Moshi

Summary

Moshi is Kyutai’s 2024 full-duplex speech-to-speech dialogue model. It listens to the user audio stream while generating its own text and audio streams, including silence, without requiring explicit speaker turns.

Role In The Wiki

Moshi is an engineering example for continuous streaming data, low-latency serving, stream separation, and temporal artifact metrics. It is not a numeric time-series foundation model and should not be treated as an action-conditioned world model.

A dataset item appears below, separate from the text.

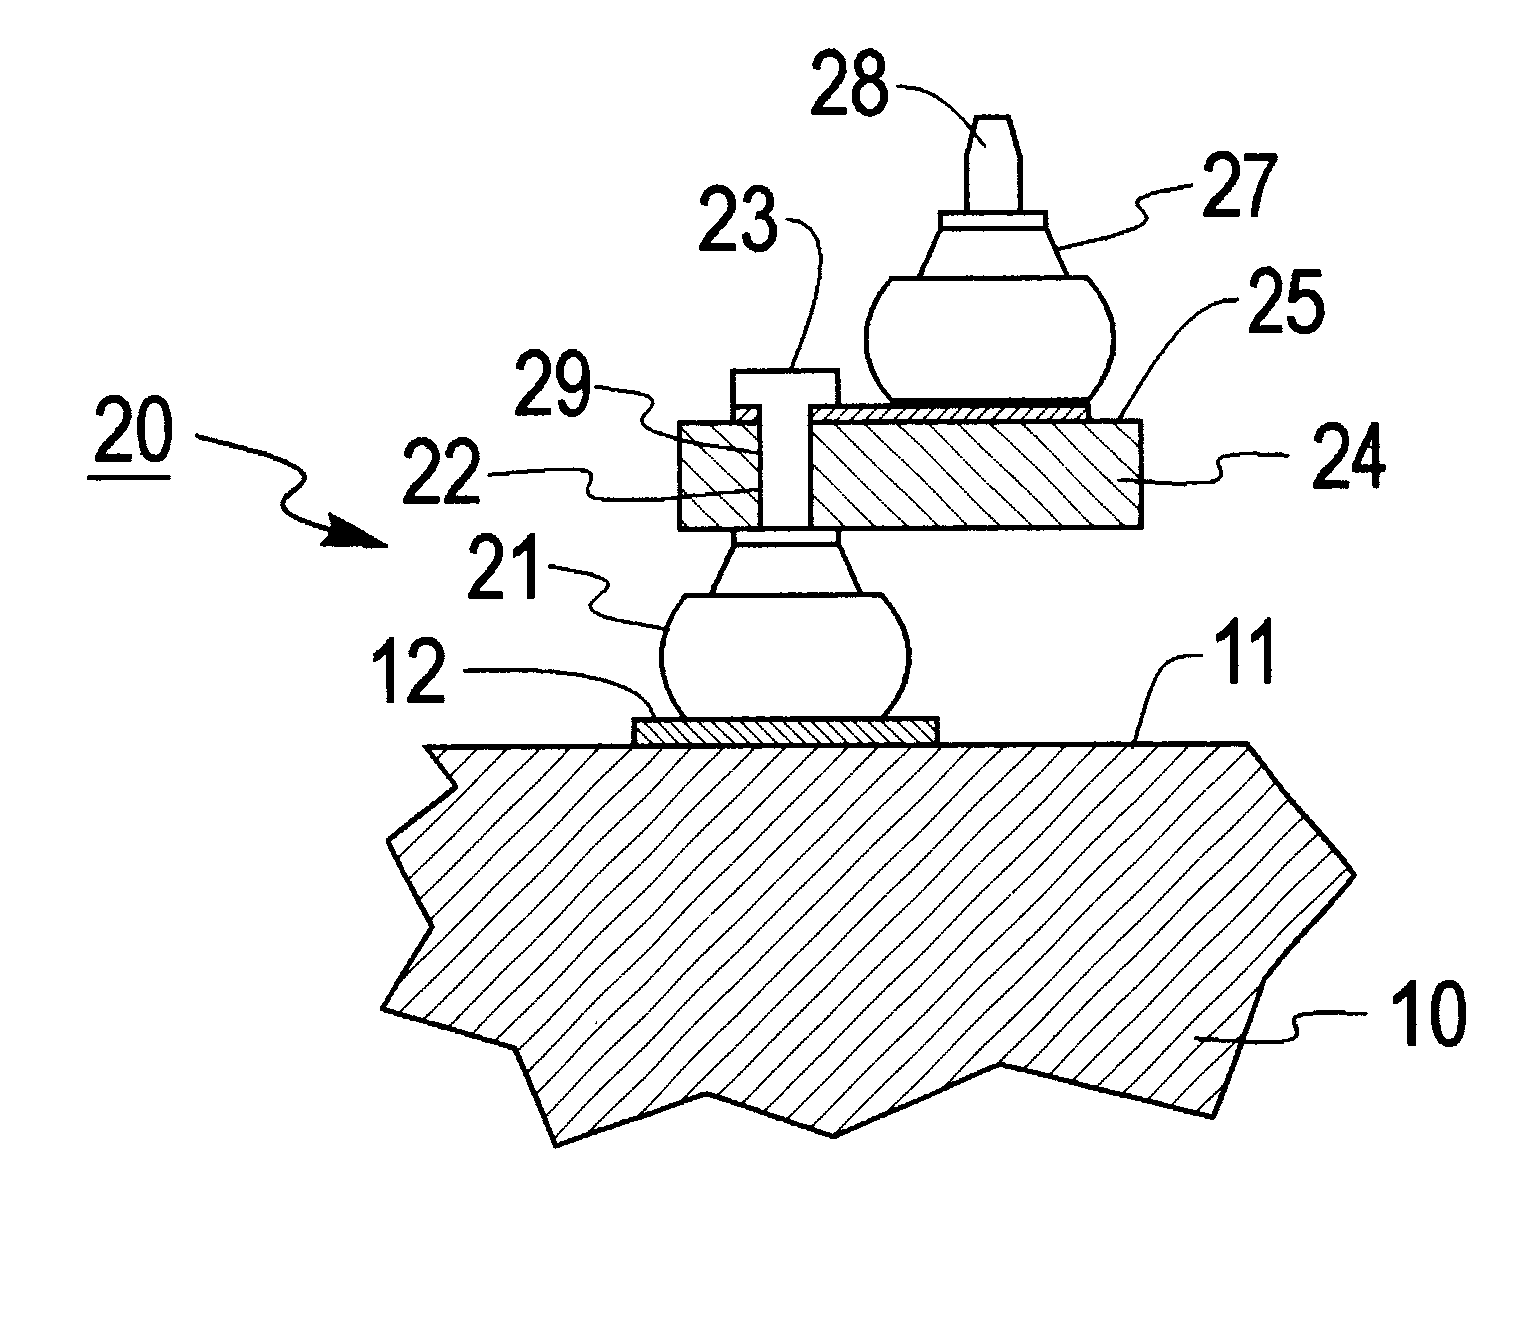 High density cantilevered probe for electronic devices

Its closest value for metrics work is the combination of:

  • low-latency stream processing;
  • separate observed and generated streams;
  • silence as first-class generated behavior;
  • evaluation of turn-taking and dialogue timing;
  • token-entropy diagnostics for artifact patterns over generated time.

Official Artifacts

Evidence

Relation To Foundation TSFM Agenda

Use the source-level agenda mapping in moshi-2024 rather than duplicating verdict rows here.

At the entity level, Moshi is useful as a full-duplex audio event-stream analogue: it shows how an always-on model can maintain stream context, handle generated no-op/silence behavior, and expose temporal artifact metrics. It does not provide numeric observations, graph time series, topology, typed control inputs, interventions, or counterfactual next-state rollouts.